Inequality and cumulative advantage in science careers: a case study of high-impact journals

EPJ Data Science

Table 3 Summary statistics for two aggregate regression models

Journal set	$N_{p}$	A	B	S	p-val.	$N_{f i t}$	$R^{2}$
Economics	4-9	1,090	0.17(3)	−0.046(4)	$1 \times 10^{- 5}$	9	0.93
Shuffled	4-9	21,800	−0.003(6)	0.0001(1)	0.68	9	0.03
Economics	10-20	373	0.17(2)	−0.021(4)	$5 \times 10^{- 4}$	10	0.87
Shuffled	10-20	7,460	0.01(1)	−0.002(2)	0.23	10	0.17
Mgmt. Sci.	5-10	262	0.22(9)	−0.05(1)	$6 \times 10^{- 3}$	10	0.63
Shuffled	5-10	5,240	−0.01(3)	0.004(4)	0.40	10	0.09
Mgmt. Sci.	11-20	62	0.5(1)	−0.07(2)	$4 \times 10^{- 3}$	10	0.68
Shuffled	11-20	1,240	0.03(2)	0.005(4)	0.20	10	0.19
Nat./PNAS/Sci.	5-10	3,953	0.15(2)	−0.035(4)	$8 \times 10^{- 6}$	10	0.93
Shuffled	5-10	79,060	−0.006(8)	0.002(1)	0.28	10	0.16
Nat./PNAS/Sci.	11-20	847	0.23(3)	−0.032(4)	$10^{- 4}$	10	0.88
Shuffled	11-20	16,940	0.02(1)	−0.003(1)	0.05	10	0.36

Journal set	$N_{p}$	$N_{d}$	b	s	p-val.	A	$R^{2}$
Economics	4-9	6,183	0.19(3)	−0.053(7)	0	1,090	0.012
Economics	10-20	3,730	0.17(3)	−0.022(6)	$3 \times 10^{- 4}$	373	0.005
Mgmt. Sci.	5-10	1,710	0.26(4)	−0.07(1)	0	262	0.020
Mgmt.

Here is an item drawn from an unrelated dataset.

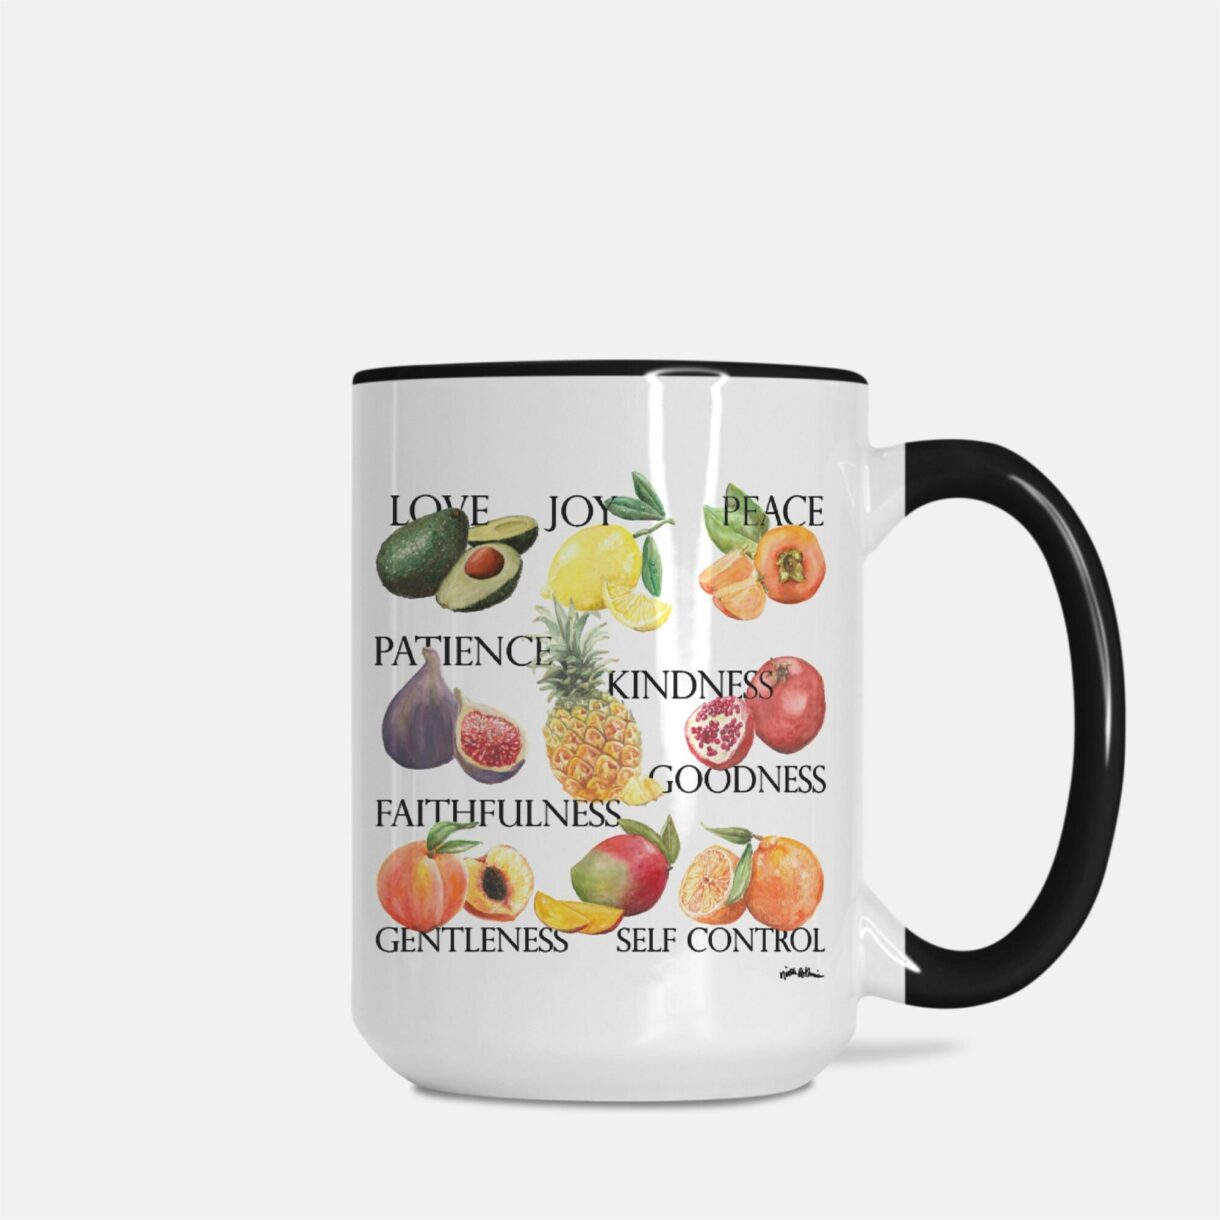 Fruit of the Spirit mug, 15 oz
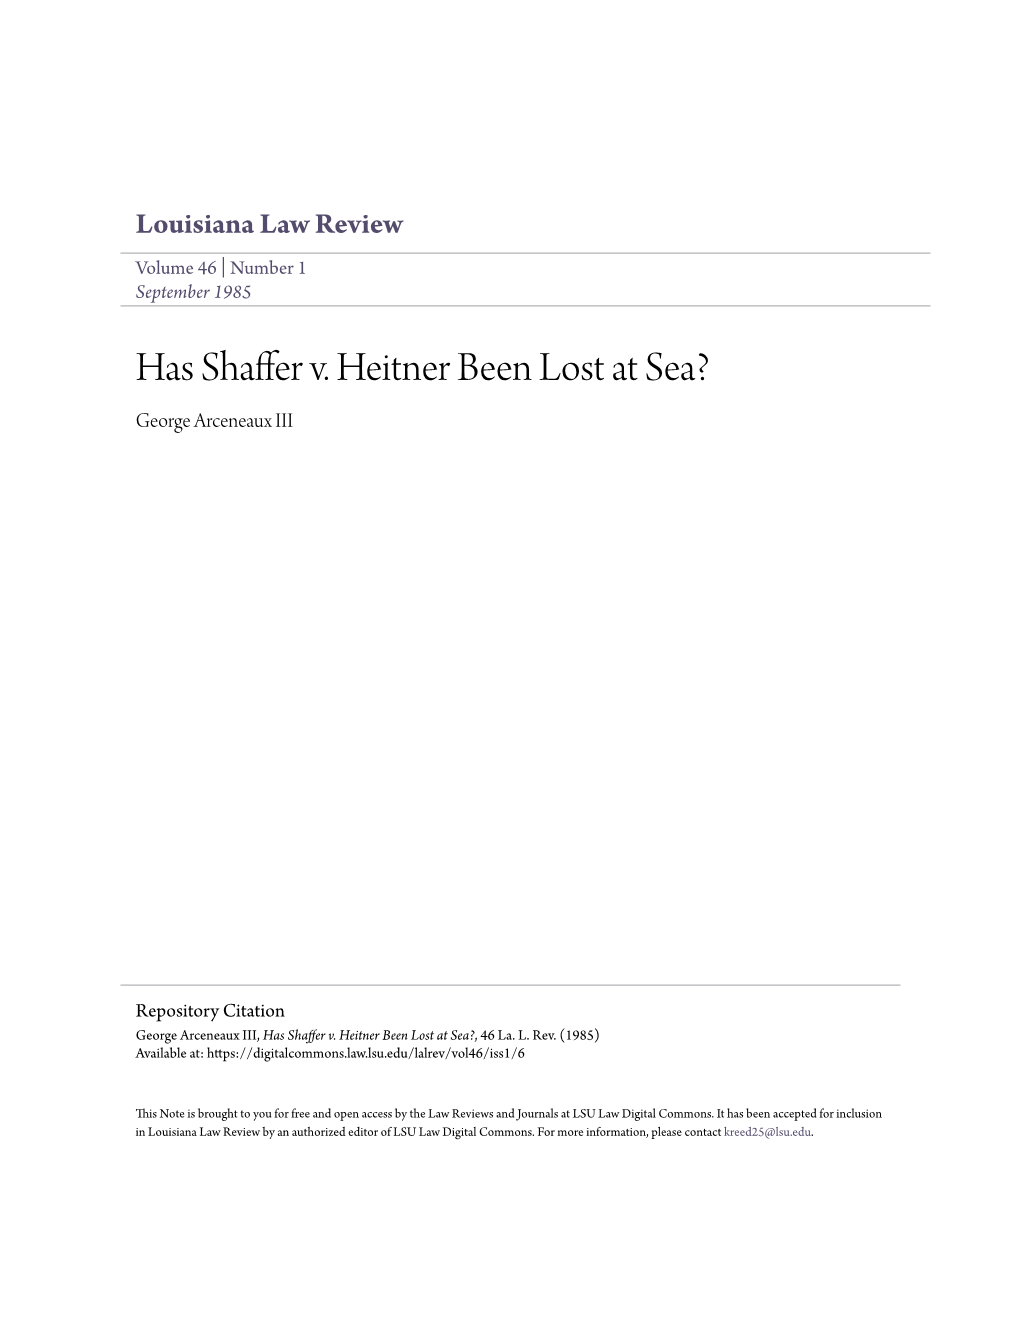 Has Shaffer V. Heitner Been Lost at Sea? George Arceneaux III

Sci.	11-20	620	0.48(9)	−0.07(2)	$10^{- 4}$	62	0.042
Nat./PNAS/Sci.	5-10	26,010	0.19(1)	−0.048(3)	0	3,953	0.013
Nat./PNAS/Sci.	11-20	8,470	0.23(2)	−0.032(4)	0	847	0.013

(Top) The regression model (ii) given by Eq.(8): A denotes the number of individual careers that were aggregated for each mean impact trajectory $〈 \tilde{z} (n) 〉$ . B and S are estimated using ordinary least squares, along with the F-test p-value, the number $N_{f i t}$ of data points, and the $R^{2}$ correlation value. The number in parentheses represents the standard error in the last digit shown. The ‘shuffled’ values correspond to the parameter estimations using our citation shuffling scheme (conserving the empirical citation distribution) that also allows for an increase in the sample size by a factor of 20). We also include the management science careers for comparison since the dataset contained a sufficient number of researcher profiles to analyze. Bold-faced p-values indicate the regressions with p ≤ 0.01. (Bottom) The fixed-effects linear regression model (iii) (implemented by the function ‘xtreg, vce(robust) fe’ in STATA11) given by Eq. (9). We used the ‘vce(robust)’ Huber-White variance estimator to account for possible heteroscedasticity in the model errors. $N_{d}$ denotes the number of observations, b and s are the coefficient estimates of the fixed-effects model (value in parenthesis is the robust standard error in the last significant digit), and p-val. corresponds to the model F-statistic F(1,A − 1).